» **TASK GOAL**:
Reproduce the data in full, exactly as given, leaving images out.

» **INFORMATION SUPPLIED**:
|---|
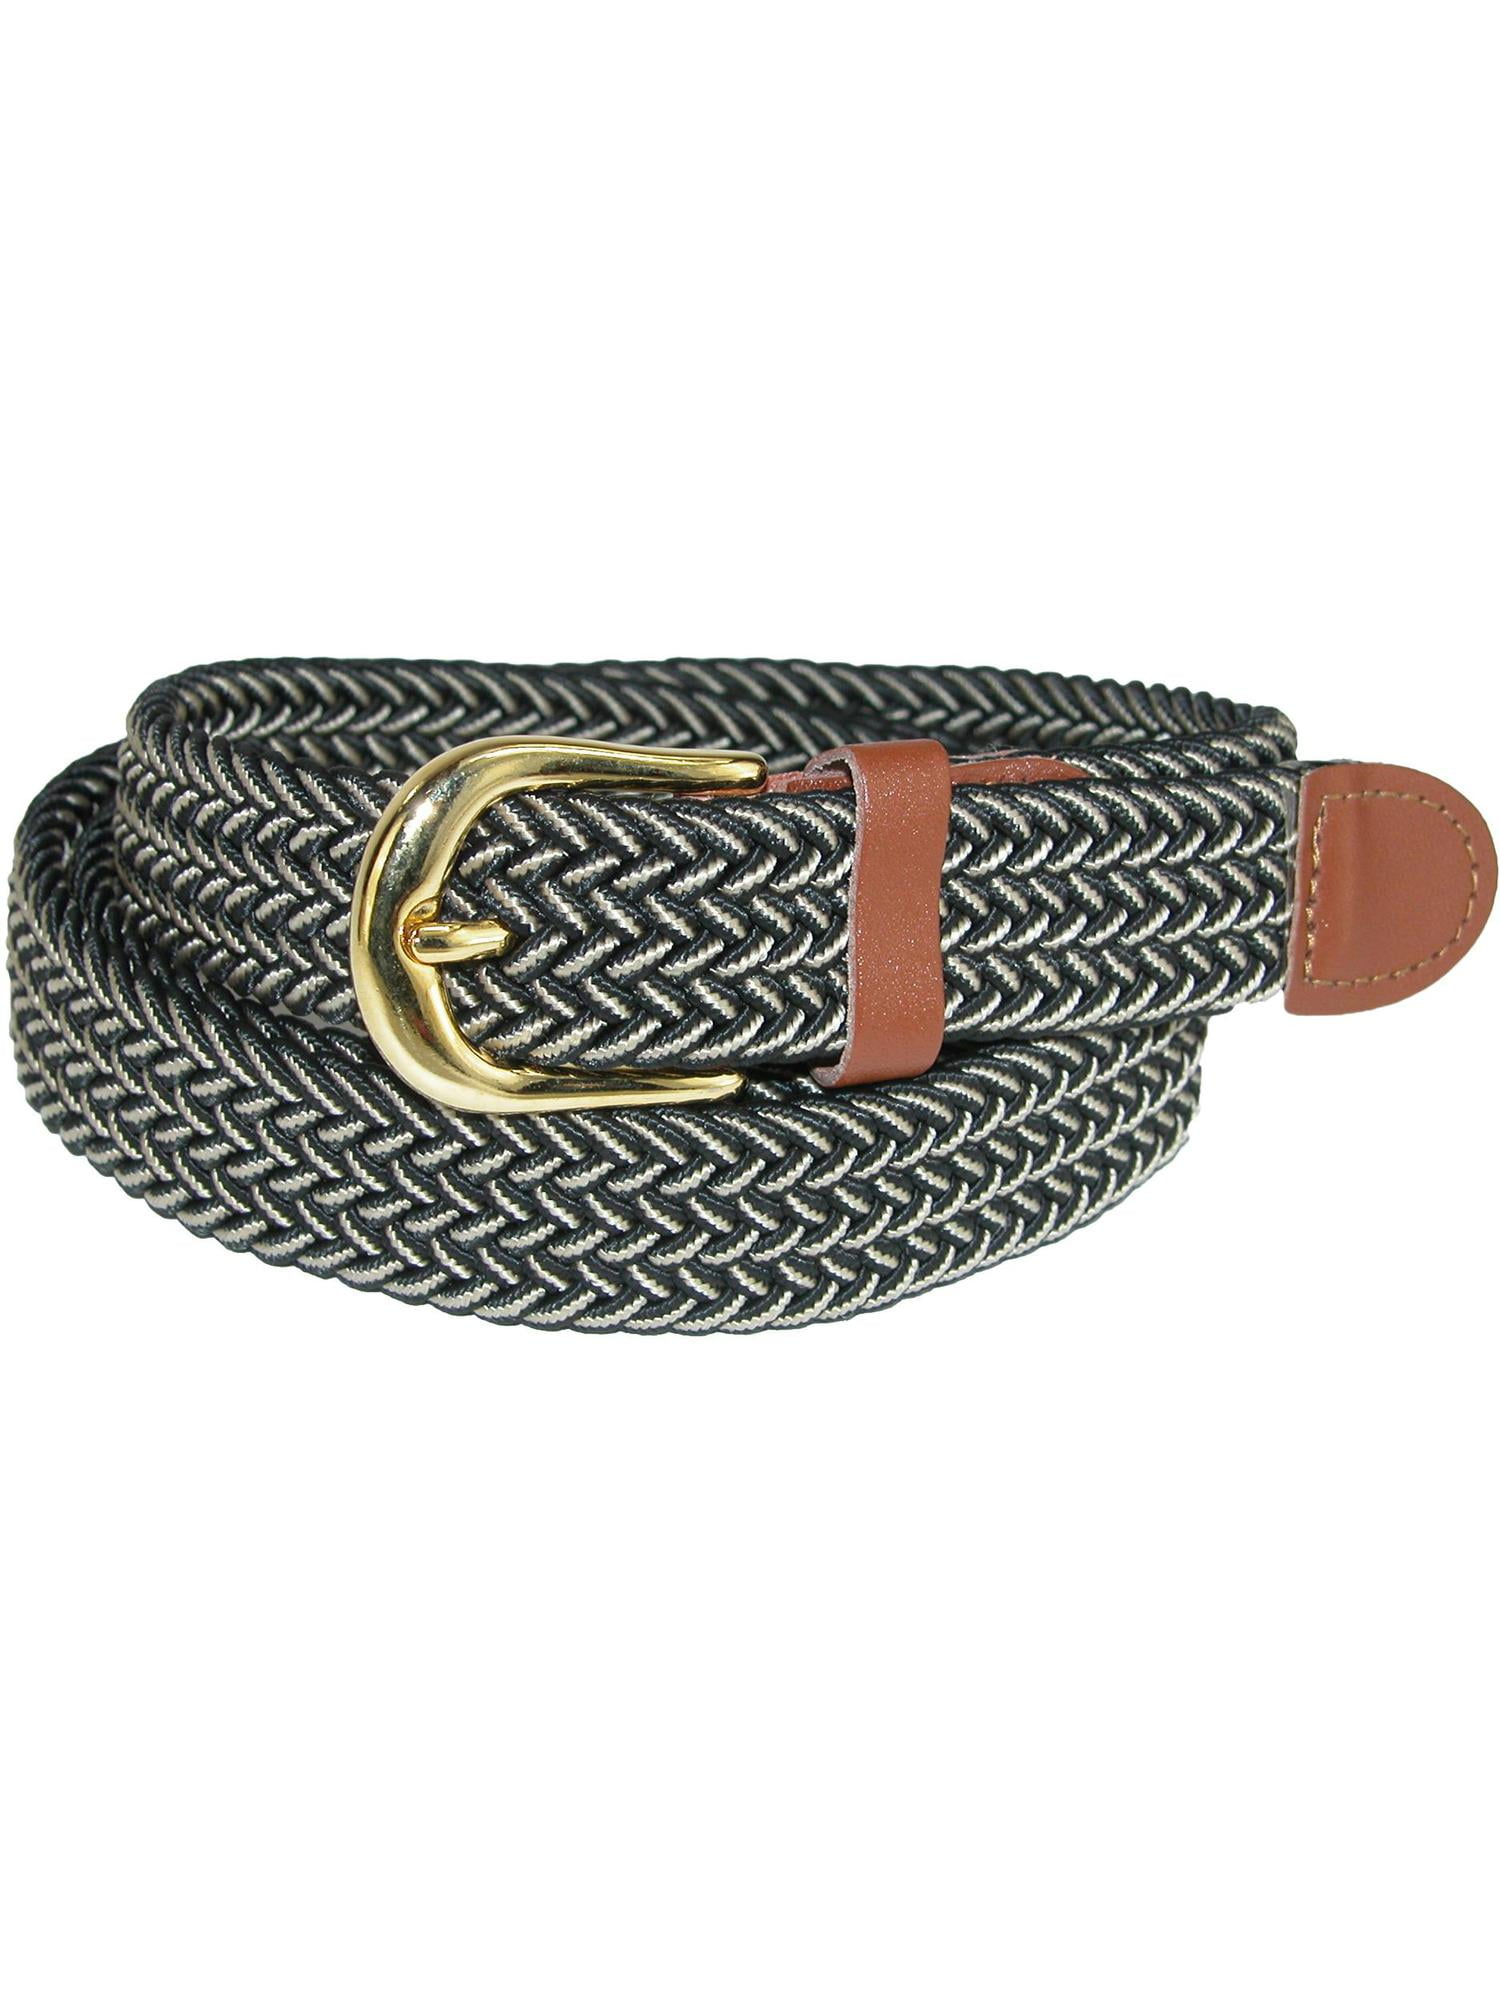 CTM - CTM® Multi Color Elastic Braided Belt (Women's) - Walmart.com ...
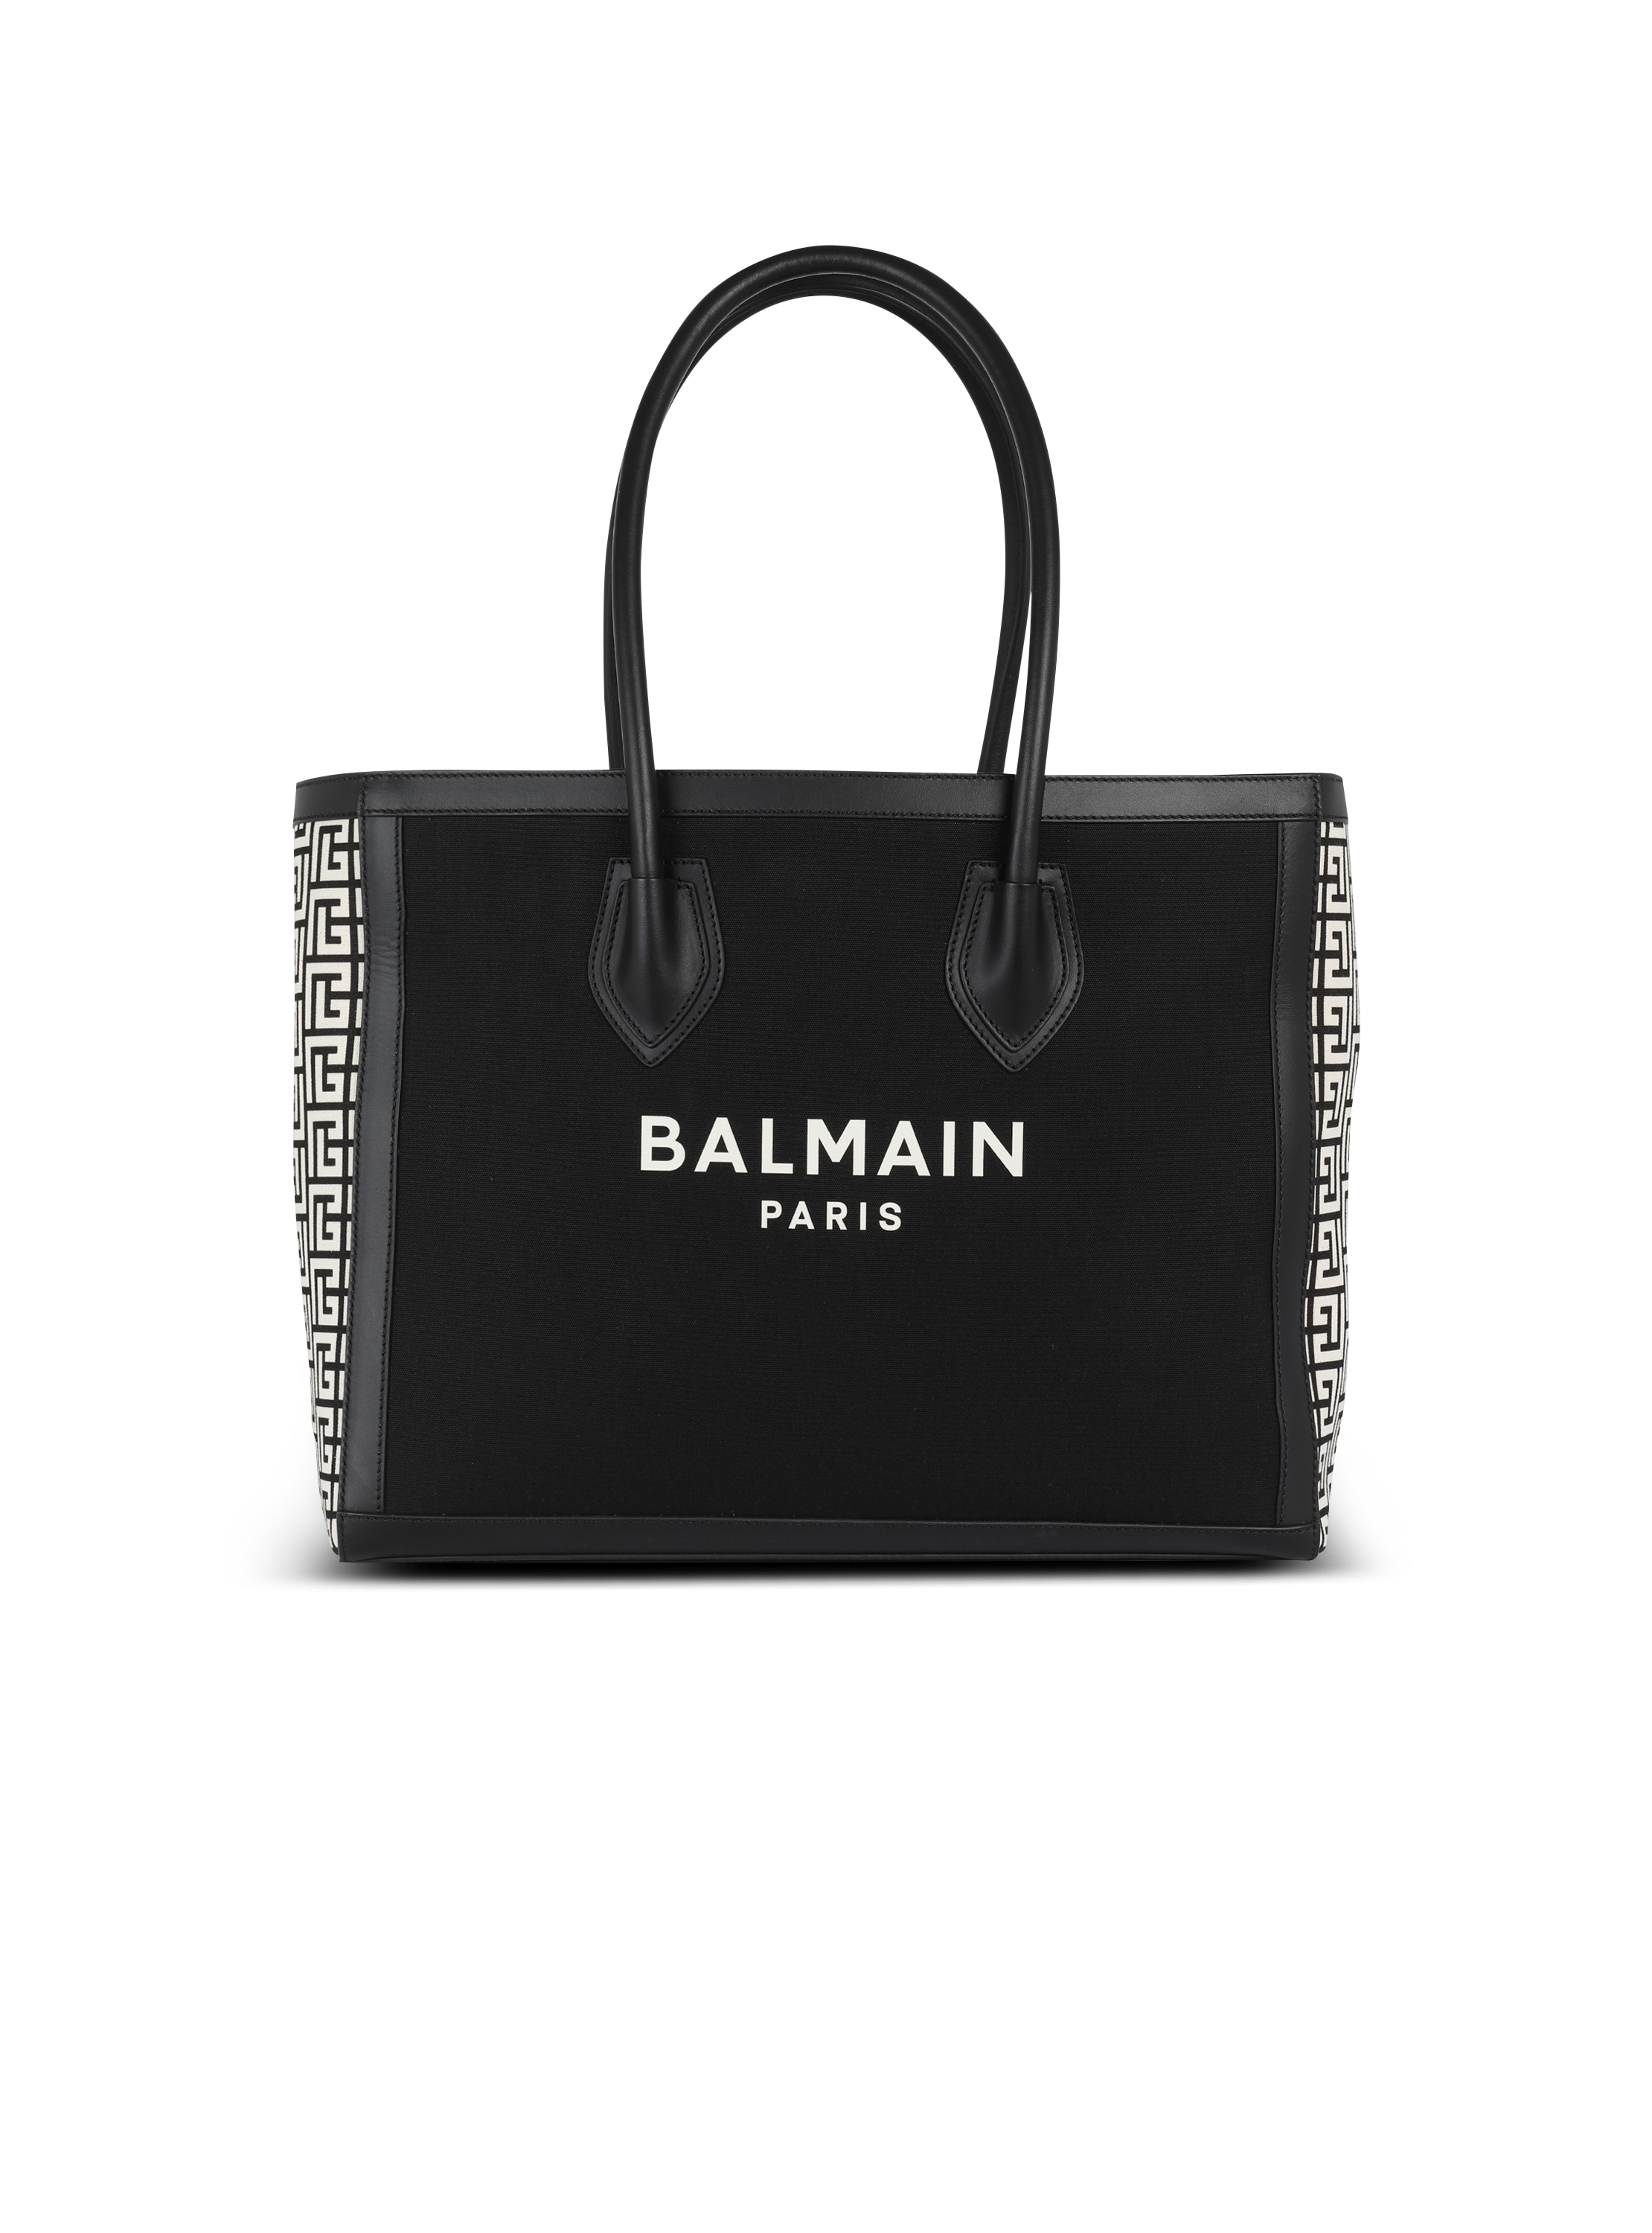 Balmain Cotton Printed Handbags in Black/Ivory - Save 56% Womens Tote bags Balmain Tote bags Black 
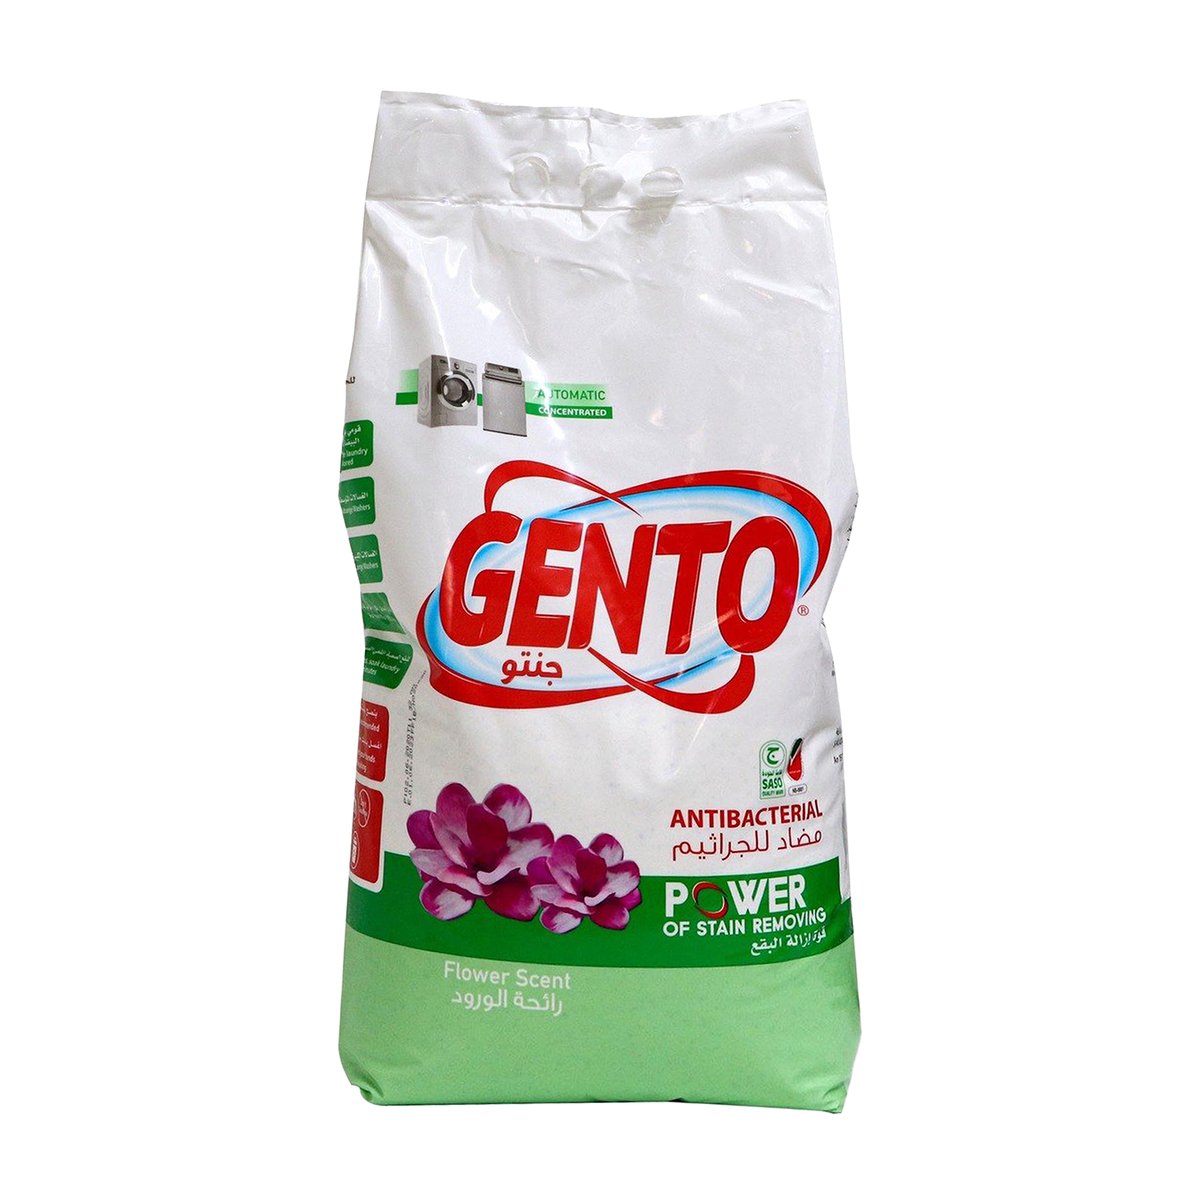 Gento Automatic Washing Powder Flower Scent 4.5 kg
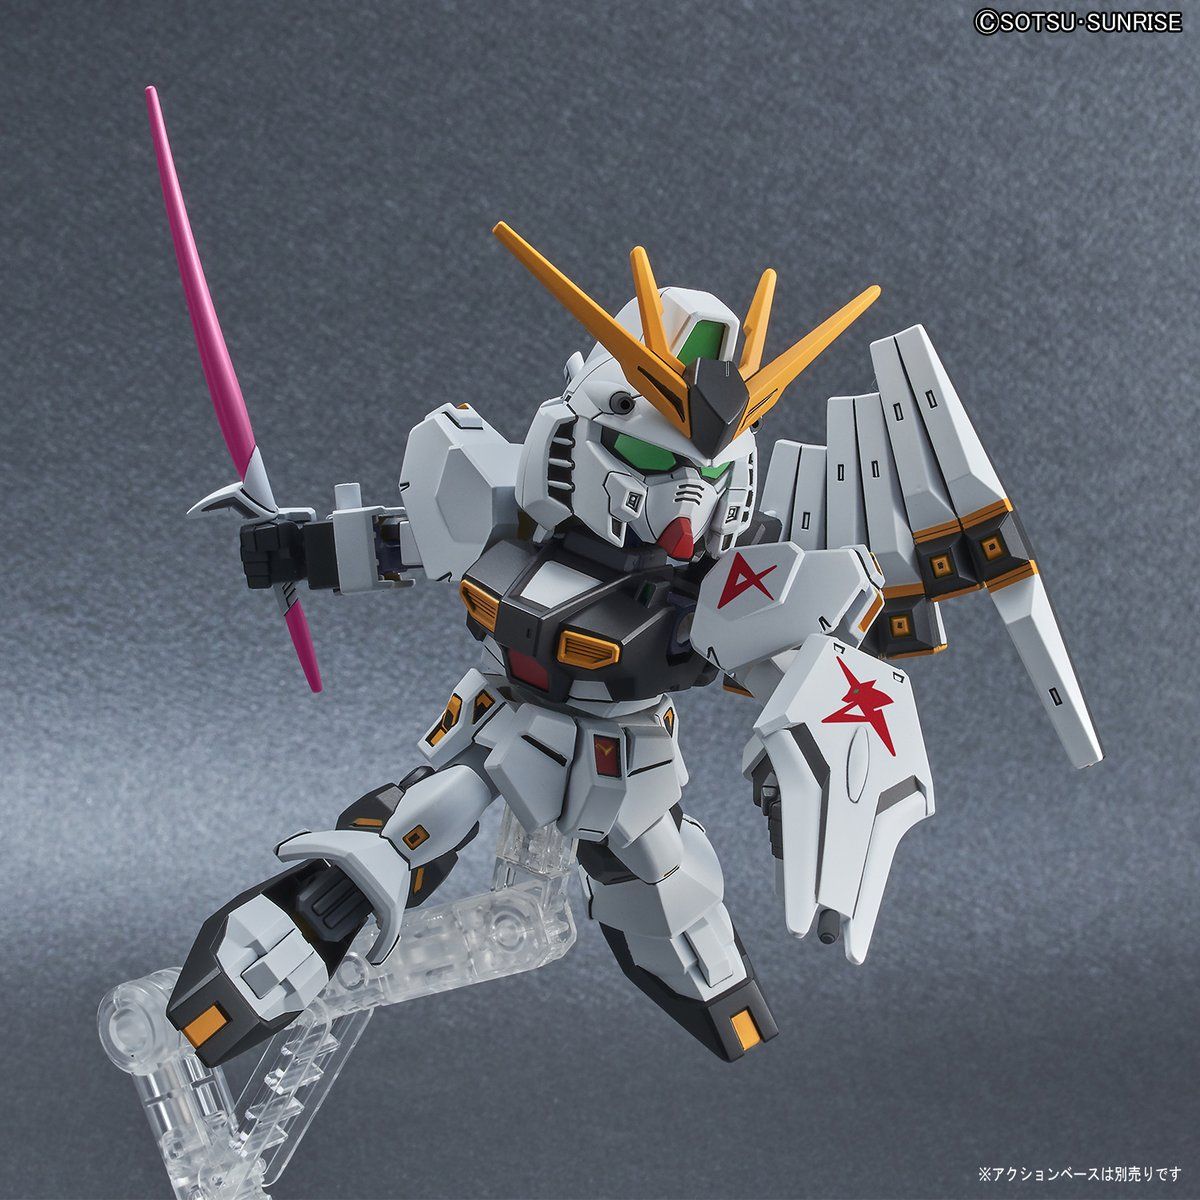 SD Gundam EX-Standard 16 Nu Gundam
|---|
» **WRITTEN SOLUTION**:
 CTM - CTM® Multi Color Elastic Braided Belt (Women's) - Walmart.com ...
 Balmain Cotton Printed Handbags in Black/Ivory - Save 56% Womens Tote bags Balmain Tote bags Black 
 Gento Automatic Washing Powder Flower Scent 4.5 kg
 SD Gundam EX-Standard 16 Nu Gundam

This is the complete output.